The following sections describe the types of workloads to consider, because they differ in how they are best monitored to deliver the appropriate data for you to analyze, and the performance measures which are the most suitable for the particular type of workload under consideration.

Types of workloads

From the perspective of measuring performance for the purpose of tuning your dispatcher configuration to obtain the best possible workload performance from your system, there are two types of workloads to consider: batch and transactional. Each type of workload has characteristic measures of performance that are best suited to determining how well your system is performing under that type of workload. Use the performance measures that best characterize the workload type your system is experiencing.

Batch

A batch workload has one or more applications connecting to the database and each application submits activity after activity or transaction after transaction without any pause. The most important measure of the performance of this workload is how quickly the entire set of activities or transactions is completed. The processing speed of the database manager is the main determinant of how quickly the entire set of activities or transactions is completed.

Transactional

A transactional workload has a user at a terminal that submits an activity or transaction to the database, then waits for a response, analyzes the response, and decides whether or not to submit a follow-up activity or transaction. For this type of workload, the most important measure of its performance is how quickly the user gets back an individual result. The processing speed of the database manager to process a single activity or transaction for each individual user on the system is the main determinant of how quickly the average user can get back an individual result. How quickly the database manager can process all the activities or transactions from a user over a given period of time is not the relevant metric because it is more dependent on user behavior than on the performance of the database manager.

Performance measures

You can use the following performance measures to ascertain how well your system is performing under a particular type of workload.

Average throughput

Average throughput is the average number of service completions per unit time. If the service is a transaction or unit of work (UOW), then the average UOW throughput is the number of unit of work completions per unit time. It is usually presented as transactions per second or transactions per minute. Average throughput is a useful measure of system performance when the type of work being measured is a batch workload.
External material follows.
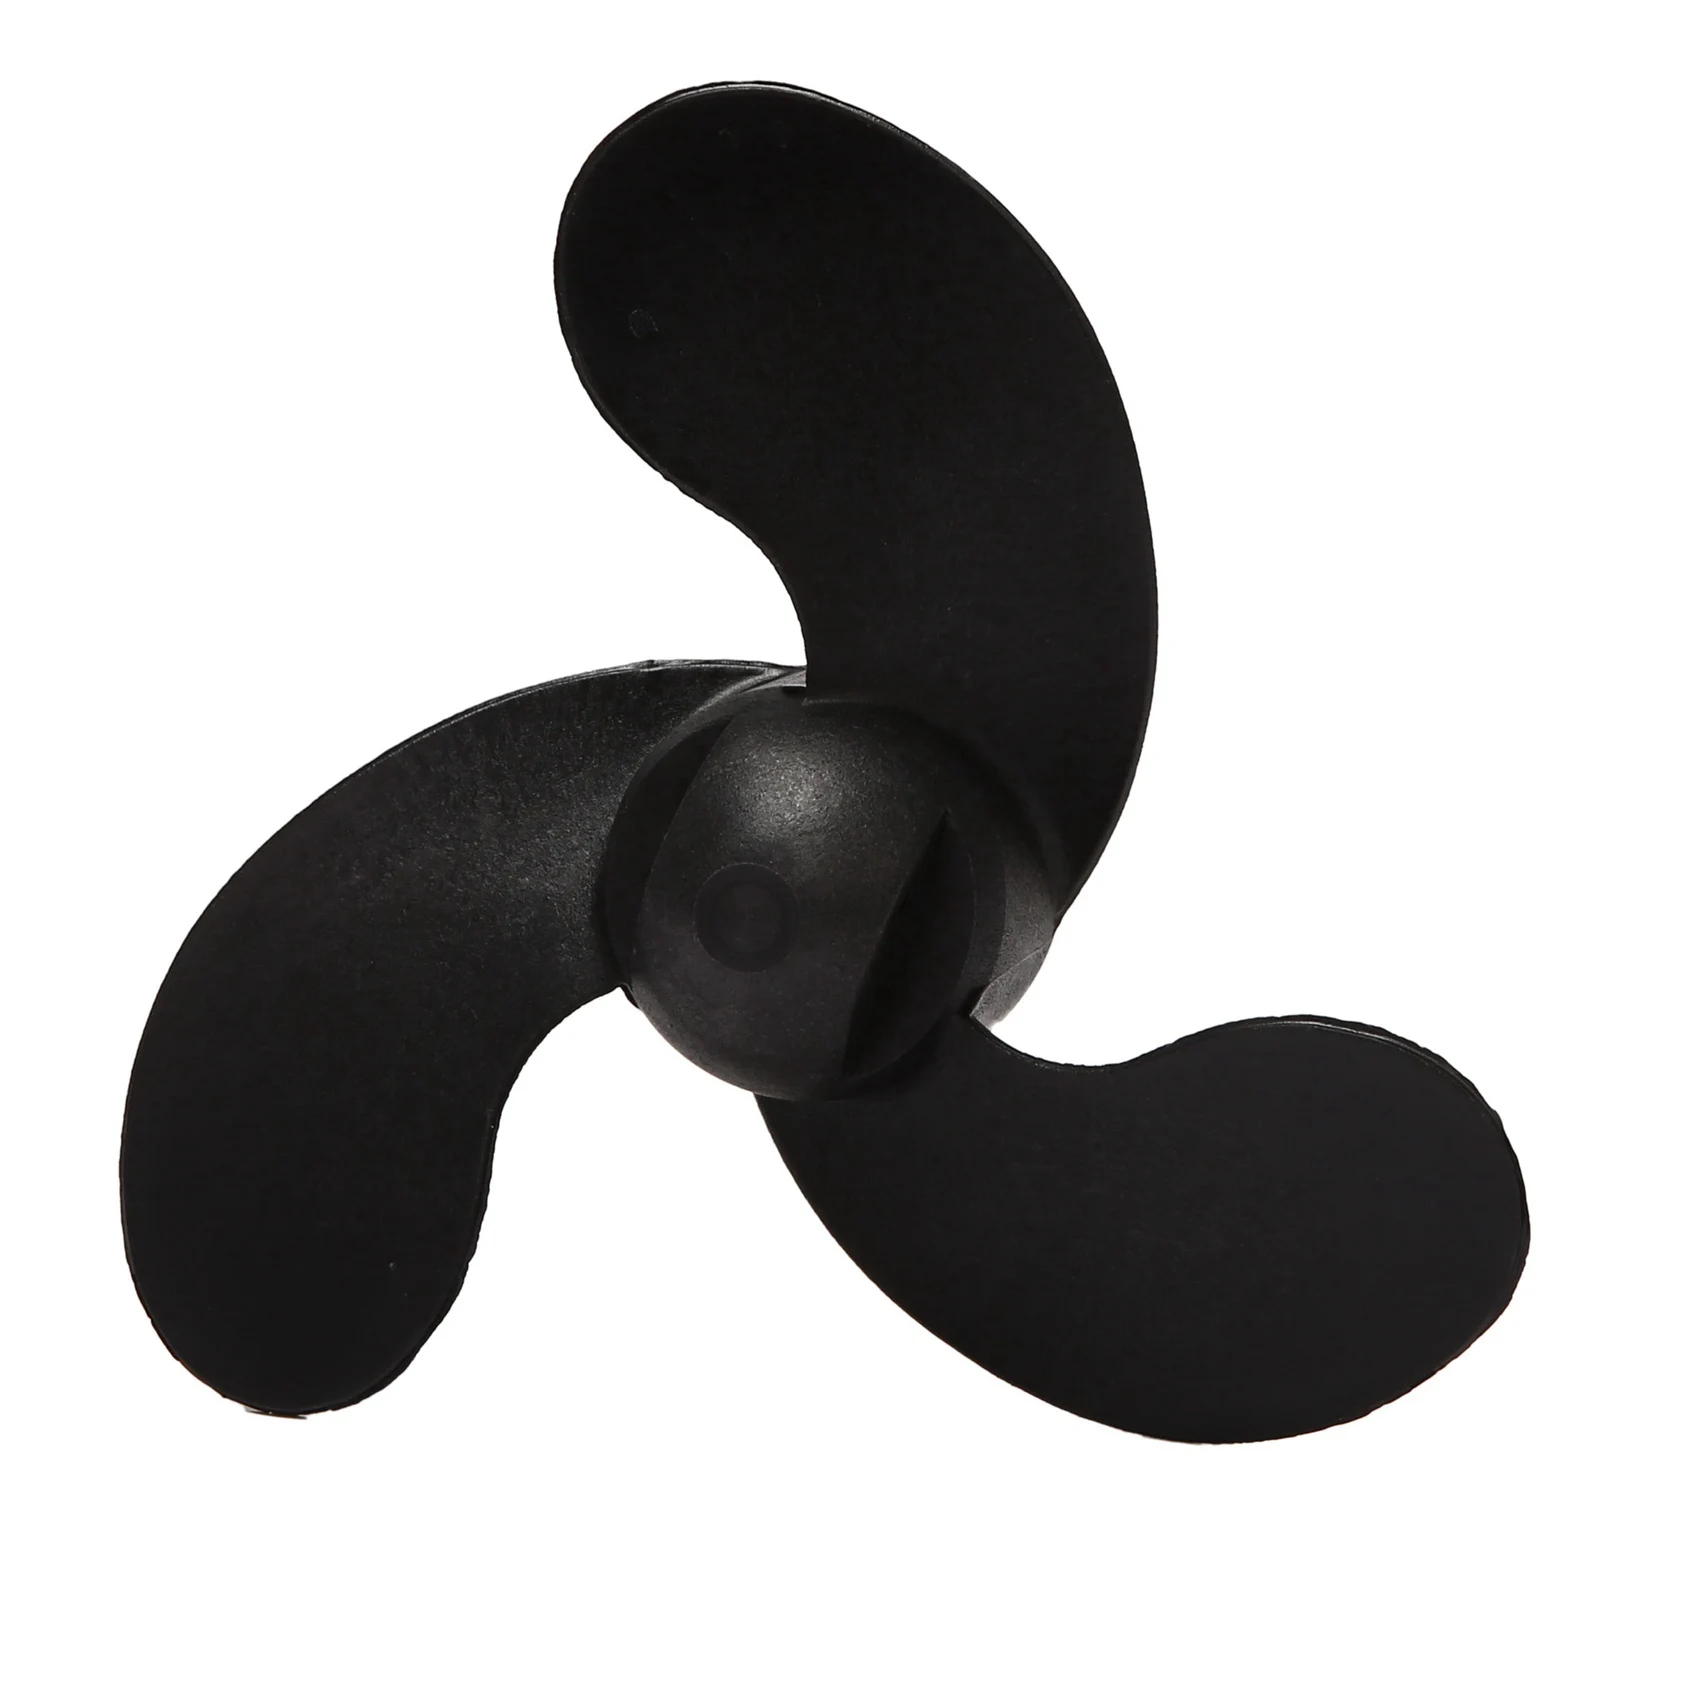 

2X 3 Black Leaves Marine Outboard Propeller for Mercury/Nissan/Tohatsu 3.5/2.5HP 47.05mm(Diameter) x 78.05mm(Pitch)

Average activity throughput is the average number of activity completions per unit time. On a system with mostly long-running units of work containing many individual activities, it is easier to measure the progress of the activities within the workload by measuring activity throughput rather than measure the progress of the workload by measuring UOW throughput.

Average response time

Average response time is the average amount of time it takes to get a single service completion from the time the service was requested. If the service is a transaction or unit of work (UOW), then the average UOW response time is the amount of time it takes for a UOW to complete from the time it was requested. Average response time is a useful measure of system performance when the type of work being measured is a transactional workload. The closest approximation to average UOW response time is the uow_lifetime_avg statistic available from the MON_SAMPLE_SERVICE_CLASS_METRICS and MON_SAMPLE_WORKLOAD_METRICS table functions, the WLM_GET_SERVICE_SUBCLASS_STATS and WLM_GET_WORKLOAD_STATS table functions, and the event_scstats and event_wlstats event monitor logical data groups reported in the WLM statistics event monitor. A more sophisticated form of UOW lifetime information is available in the UowLifetime histogram, also available in the event monitor.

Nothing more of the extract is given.